Quick-Reference Cheat Sheet

Item Value Notes
Problem Is point q inside polygon P? inside / outside / on-boundary
Default method Ray casting (crossing number / even-odd) shoot horizontal ray, count crossings
Verdict rule odd ⇒ inside, even ⇒ outside parity of crossings
Single-query time O(n) n = number of edges; worst-case optimal
Straddle test (ay > py) != (by > py) strict >, half-open, handles vertices + horizontals
Crossing-x ax + (py-ay)/(by-ay)*(bx-ax) count if > px
Winding number signed count, non-zero ⇒ inside direction-aware; Sunday's no-trig form
Even-odd vs winding agree on simple polygons differ on self-intersecting (pentagram center)
Convex polygon O(log n) binary search on the vertex fan
Many queries trapezoidal map: O(log n) query, O(n) space, O(n log n) build or slab: O(log n) query, O(n²) space
Many polygons spatial index (grid/R-tree) → filter-and-refine prune m polygons to k candidates
Key primitive orientation / cross product isLeft use exact predicates for robustness

Skeleton (the version to write by default):

inside = false
for each edge (a, b):                 # b is the previous vertex of a
    if (a.y > q.y) != (b.y > q.y):    # half-open straddle
        x = a.x + (q.y - a.y)/(b.y - a.y)*(b.x - a.x)
        if x > q.x:
            inside = not inside       # toggle parity
return inside

Mental anchor: walk in from infinity; each edge you cross flips inside/outside — so parity is the answer.


Junior Questions (12 Q&A)

J1. What is the point-in-polygon problem?

Given a polygon (an ordered list of vertices) and a query point, decide whether the point is inside the polygon, outside it, or exactly on its boundary.
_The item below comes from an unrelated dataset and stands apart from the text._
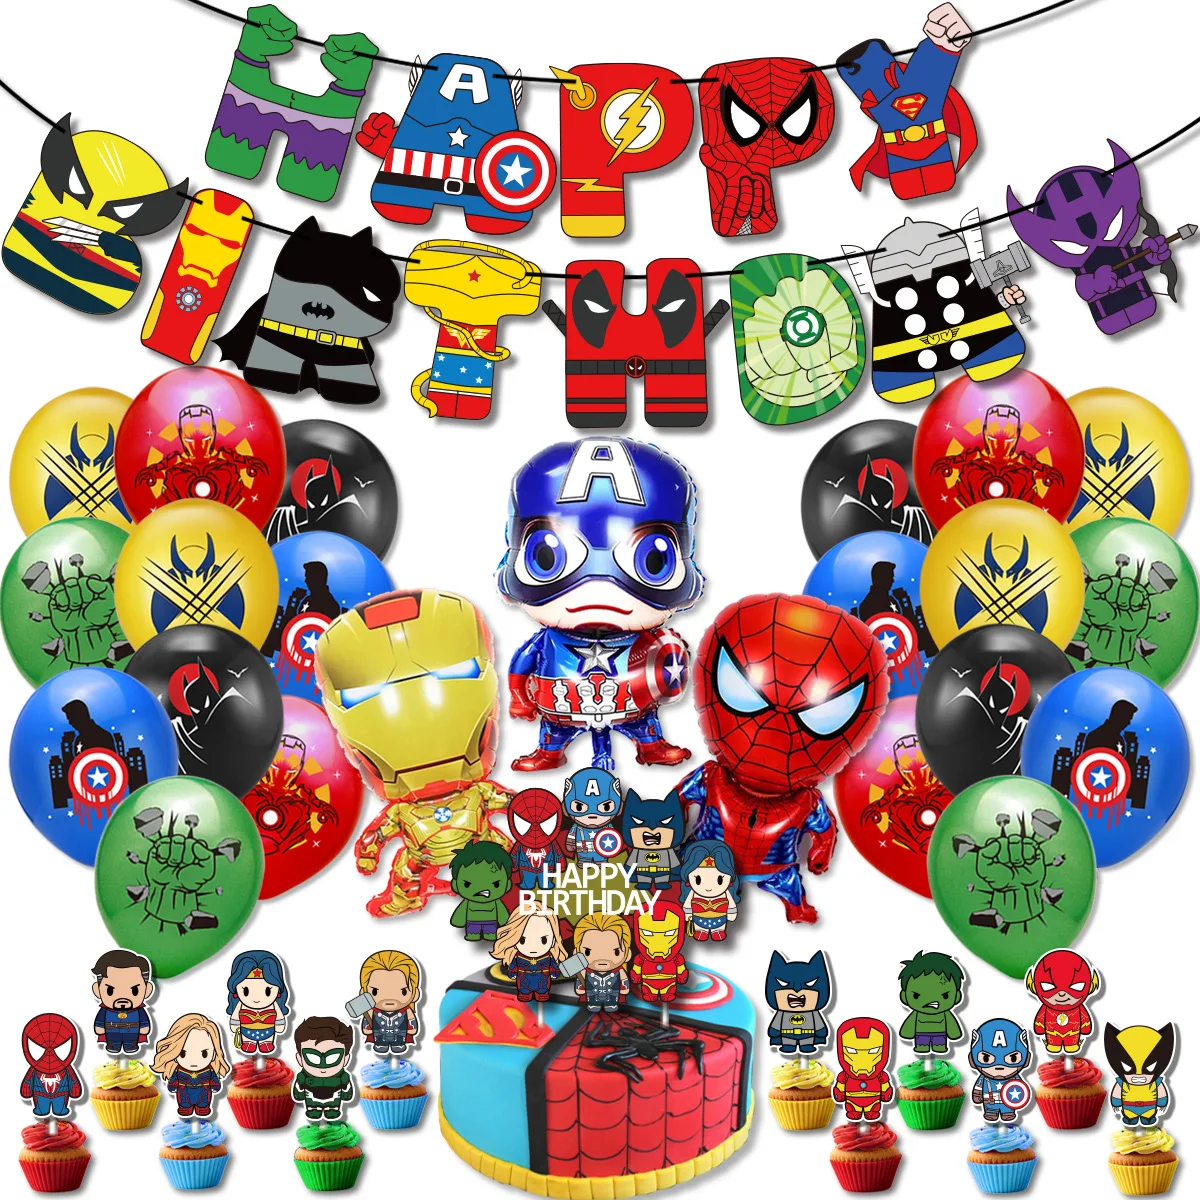 Décoration de fête d'anniversaire Super héros  ballon les Avengers  Spiderman  Iron Man  Hulk

It powers map queries, hit-testing UI clicks, geofencing, and collision detection.

J2. How does the ray-casting algorithm work?

Shoot a horizontal ray from the query point to the right and count how many polygon edges it crosses. If the count is odd, the point is inside; if even (including zero), it is outside. It runs in O(n) because you examine each edge once.

J3. Why does odd parity mean "inside"?

Walk along the ray from infinity (definitely outside) back to the point. Each time you cross an edge you flip from outside to inside or back. An odd number of flips lands you inside; an even number returns you outside. So the parity of crossings equals the inside/outside state.

J4. What is the time complexity of ray casting?

O(n) per query for a polygon with n edges — you test each edge once. It needs O(1) extra space. For a single query on an arbitrary polygon, this is worst-case optimal: you may have to look at every edge.

J5. Does ray casting work on concave (non-convex) polygons?

Yes. The crossing-number rule does not assume convexity — it works on any simple polygon, dents and all. Convexity only matters if you want the faster O(log n) binary-search method.

J6. Does the orientation (clockwise vs counter-clockwise) of the vertices matter?

For plain ray casting, no — the even-odd rule is orientation-independent. For the winding-number method and the convex binary-search method, orientation matters because they use signed (left/right) tests.

J7. What is the straddle test and why (ay > py) != (by > py)?

It checks whether an edge spans the ray's height: one endpoint above py and the other at-or-below. Using strict > on both makes it a half-open test, so a vertex lying exactly at py is counted by exactly one of its two edges — preventing double-counting.

J8. How do horizontal edges get handled?

A horizontal edge has ay == by, so (ay > py) != (by > py) is false — it contributes no crossing. That is correct (an edge parallel to the ray should not count), and it also means you never divide by by - ay = 0.

J9. What happens for a point exactly on an edge?

The parity rule is ambiguous there — it is literally the dividing line. If your application needs a verdict, run an explicit on-segment check first (collinear via cross product, plus inside the edge's bounding box) and return a dedicated "boundary" result.

J10. Why cast the ray to the right specifically?

Convention and simplicity — any fixed direction works. Rightward horizontal pairs naturally with the x > px crossing check. The half-open vertex rule handles the degenerate "ray through a vertex" case so you do not need to pick a random angle.

J11. Do you count crossings or toggle a boolean?

Either works since you only need parity. Toggling a boolean (inside = !inside) is slightly faster and avoids a final % 2. A real counter is handy for debugging or visualization.

J12. What is the closing edge and why do beginners forget it?

A polygon's edges include the segment from the last vertex back to the first. Beginners loop i from 0 to n-2 and miss it. The fix: pair each vertex with the previous one (j = n-1; for i: ...; j = i) so the wrap-around edge is handled uniformly.


Middle Questions (12 Q&A)

M1. What is the winding number method?

Instead of counting crossings unsigned, you sum signed crossings: +1 when an edge crosses the ray upward with the point on its left, −1 when it crosses downward with the point on its right. The point is inside if the total (the winding number) is non-zero. It is O(n), like ray casting, but direction-aware.

M2. When do even-odd and winding-number rules disagree?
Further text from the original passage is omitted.